Section 1.  Annual Meeting.  There shall be held an annual meeting of the entire voting membership of the Corporation.  The Executive Committee shall establish the date and time of such meeting and shall give the voting membership at least thirty (30) days notice of the meeting.  At the annual Corporation meeting, the Officers and Committee Chairmen shall submit their reports, officers and/or at least five (5) directors shall be elected and any other business of the Corporation properly of concern to the membership shall be conducted.  Officers to be elected each even year for two year terms.

Section 2. 
Quorum.  The presence of fifteen (15) voting members, of which four (4) must be officers or members of the Board of Directors, shall constitute a quorum at any full membership meeting of the corporation. 

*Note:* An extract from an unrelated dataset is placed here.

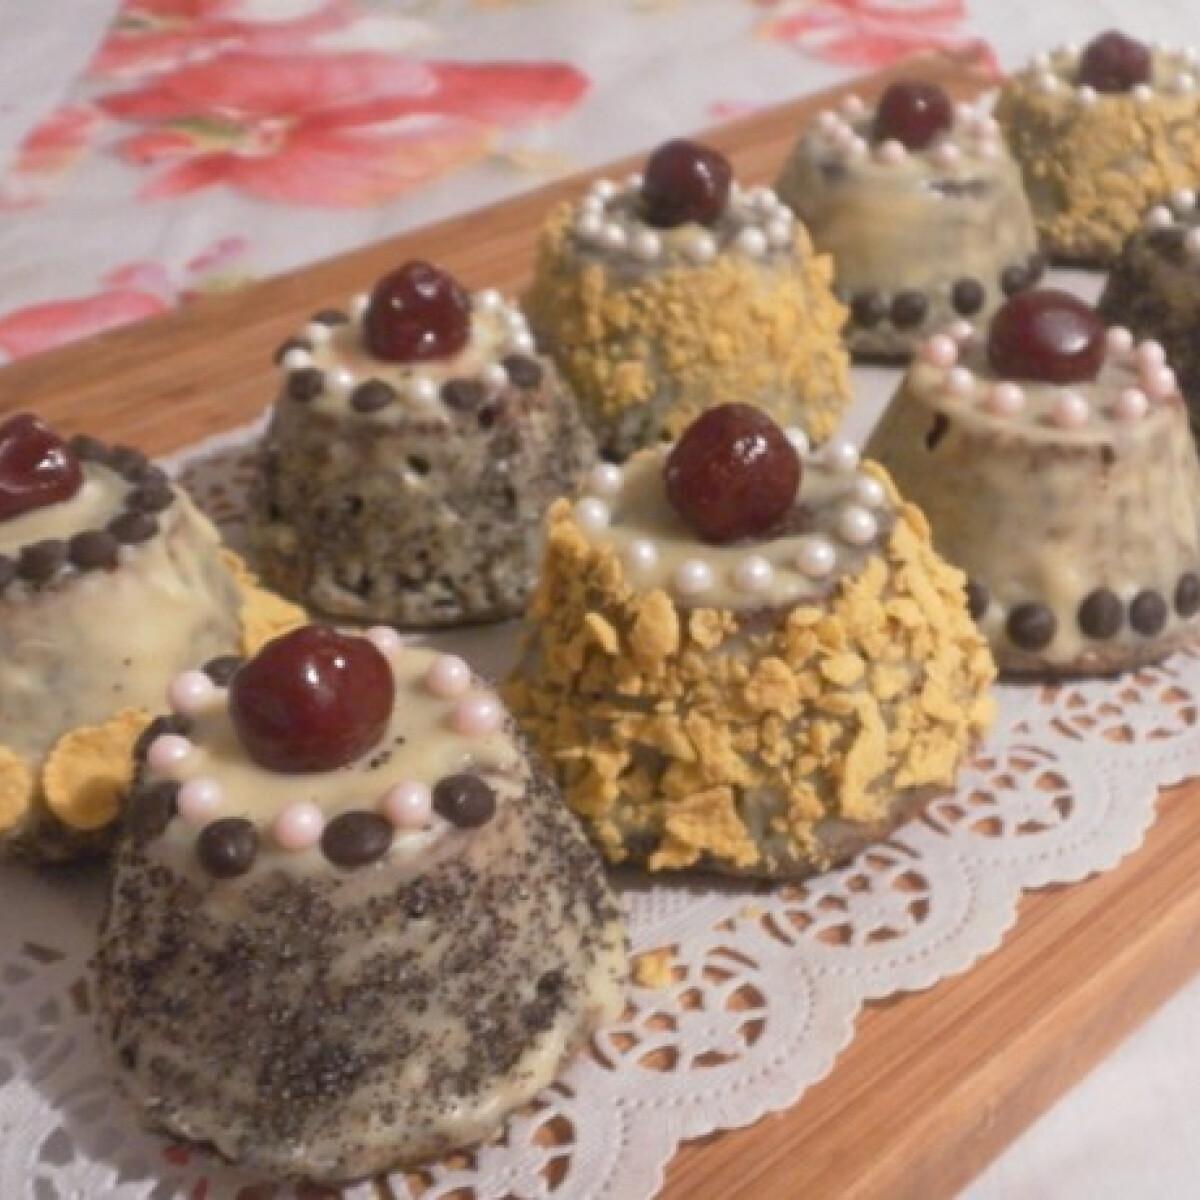 Mákos muffintortácskák

Section 3.  Directors Meetings.  The Board of Directors shall hold a minimum of four (4) regular meetings each year.  The President is empowered to call special meetings of the Board of Directors, and upon the written request of five (5) active members of the Board, a special meeting must be called.

Prior to every regular or special meeting of the Board of Directors, the Secretary shall cause to be provided to each Director a written agenda of all topics to be considered at such meeting. Any Director may cause any item or items to be included on the agenda by so notifying the Secretary, and such agenda shall be distributed at least eight (8) days prior to the meeting.  The Board shall confine its actions, resolutions and expressions of interest or intent only to those items appearing on the respective published agenda.

If two-thirds (2/3) of the elected Directors present decide recorded vote that an emergency exists and that an item not on the agenda should be considered at a Board meeting, such item shall be deemed to have been properly placed on the agenda for that meeting.

Notice of all regular Board meetings shall be given to all members of the Corporation.  Board meetings are open to all members of the Corporation.

Section 4.  Meetings of Committees, generally.  Once appointed, a majority of all the members of any committee may fix its rules of procedure, determine its actions, fix the time the committee meets and the place of its meetings, and specify what notice thereof, if any, shall be given.

ARTICLE X – EXECUTION OF INSTRUMENTS

Section 1.  Disbursements.  All Checks, drafts and orders for the payment of money in an amount greater than one thousand five hundred dollars ($1,500) shall be signed and countersigned in the name of the Corporation by such officers or agents as the members of the Board of Directors shall from time to time designate for that purpose.  Checks, drafts and orders for the payment of money in the amount of one thousand five hundred dollars ($1,500) or less may be signed by the Treasurer or another officer designated for such purpose by the members of the Board of Directors, without the countersignature of any other officer.

Section 2. 
Contracts.  When the execution of any contract, conveyance, or other instrument has been authorized by the Board of Directors, the President or Vice President and the Secretary may execute the same on behalf of the Corporation and may affix the corporate seal thereto.

ARTICLE XI – FISCAL YEAR

The Fiscal Year of the Corporation shall be from January 1 through December 31.

ARTICLE XII – AMENDMENTS

These by-laws may be amended, altered or repealed at any meeting of the Board of Directors by a two-thirds (2/3) vote of all the elected Directors or at any meeting of the entire membership by a two-thirds (2/3) vote of all voting members.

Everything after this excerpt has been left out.